__Task to complete__
Skip every image and restate the data word for word.

__Data extract__
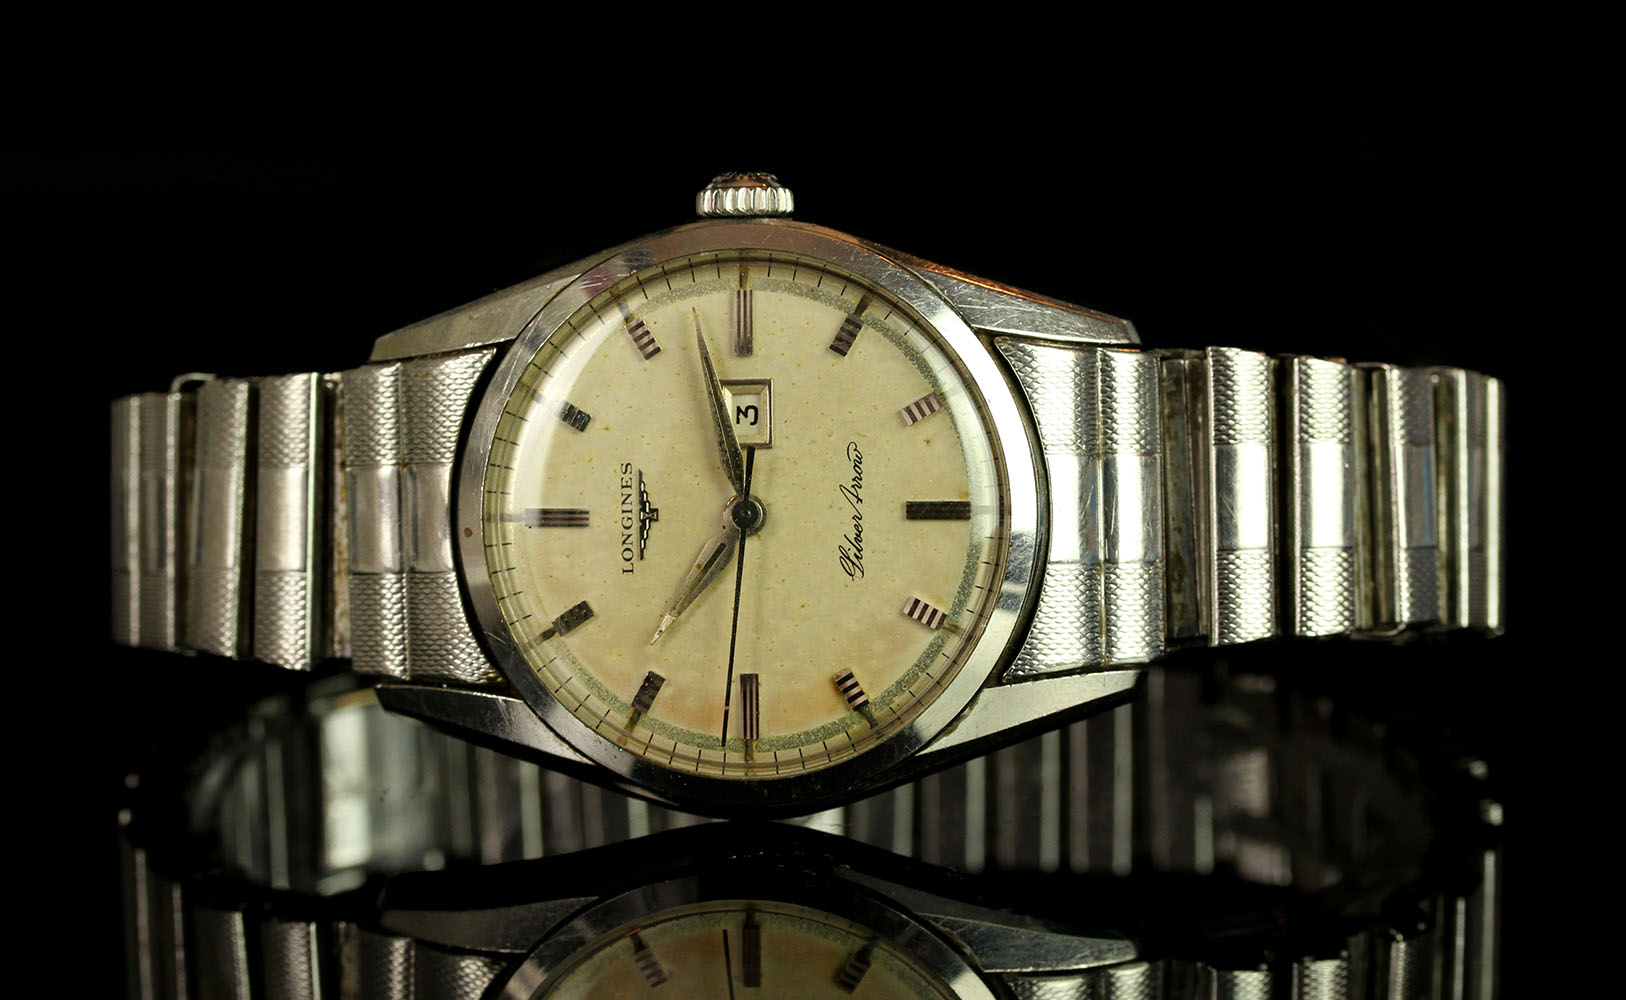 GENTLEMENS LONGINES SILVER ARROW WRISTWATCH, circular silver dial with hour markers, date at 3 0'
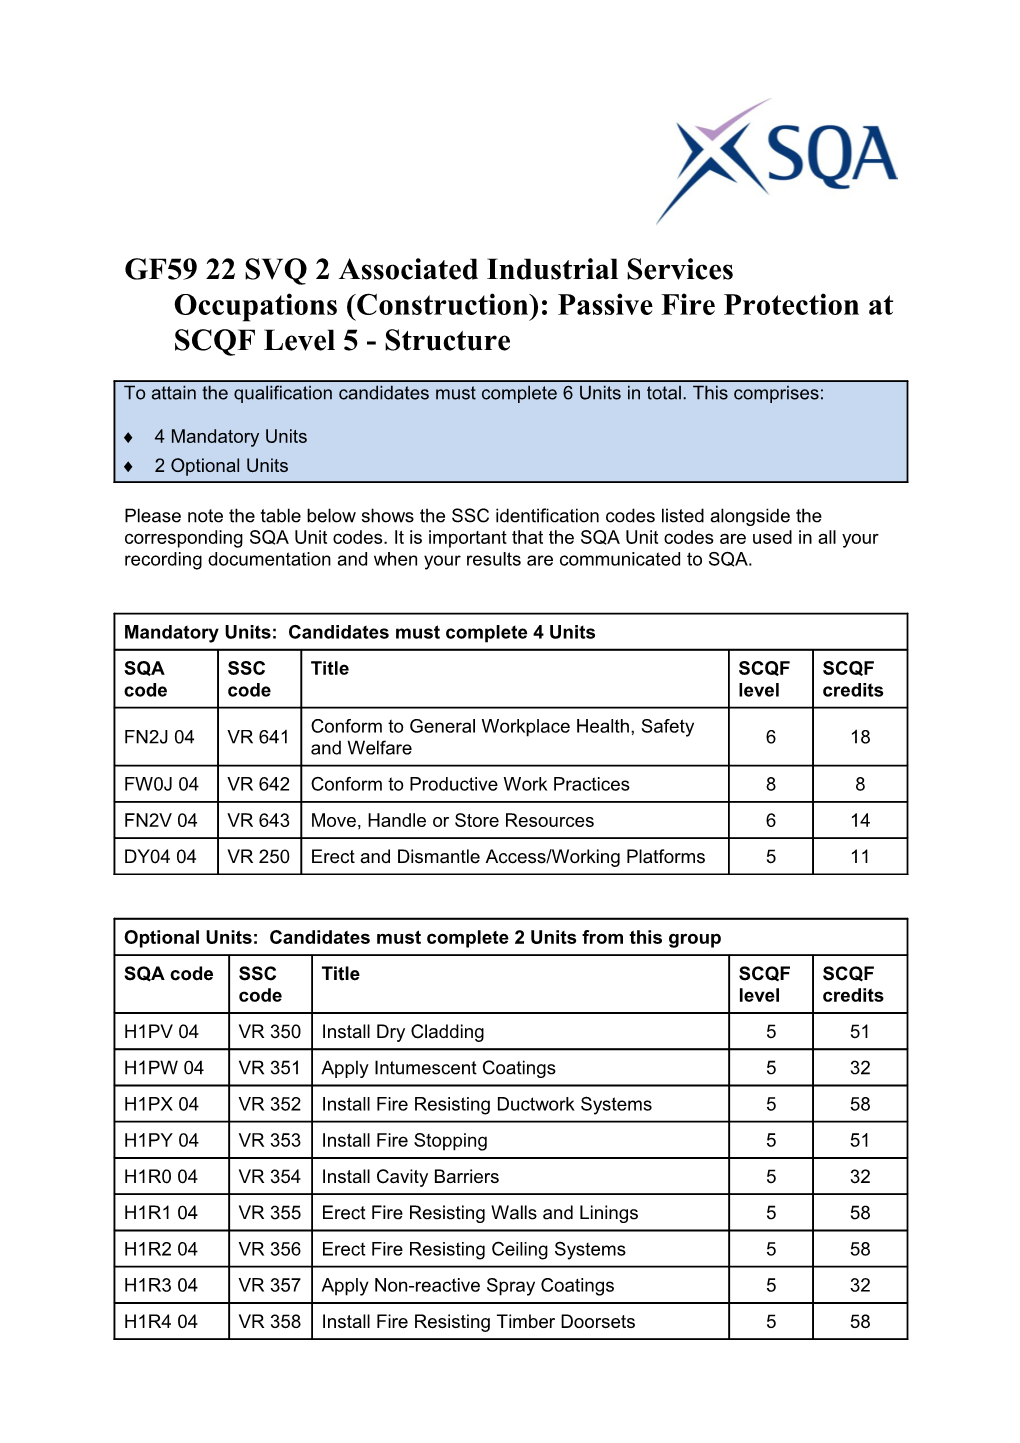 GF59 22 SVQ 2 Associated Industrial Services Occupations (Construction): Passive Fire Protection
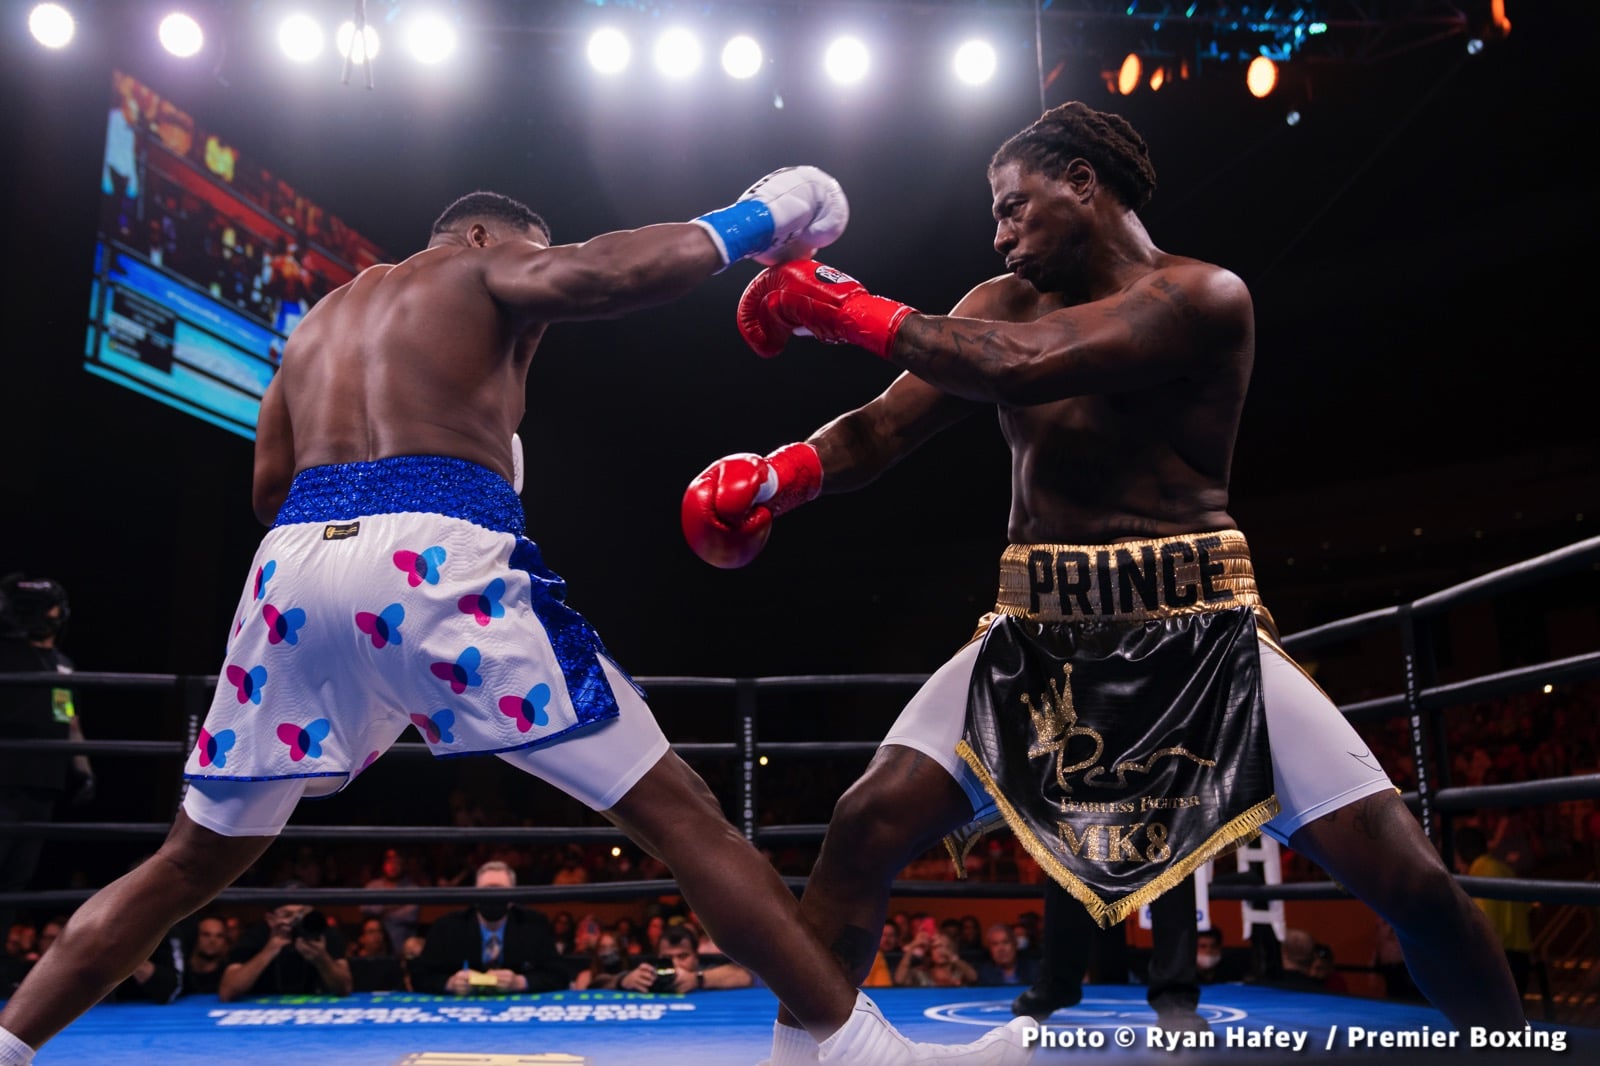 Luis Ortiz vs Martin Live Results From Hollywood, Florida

__Task solution__
 GENTLEMENS LONGINES SILVER ARROW WRISTWATCH, circular silver dial with hour markers, date at 3 0'
 GF59 22 SVQ 2 Associated Industrial Services Occupations (Construction): Passive Fire Protection
 Luis Ortiz vs Martin Live Results From Hollywood, Florida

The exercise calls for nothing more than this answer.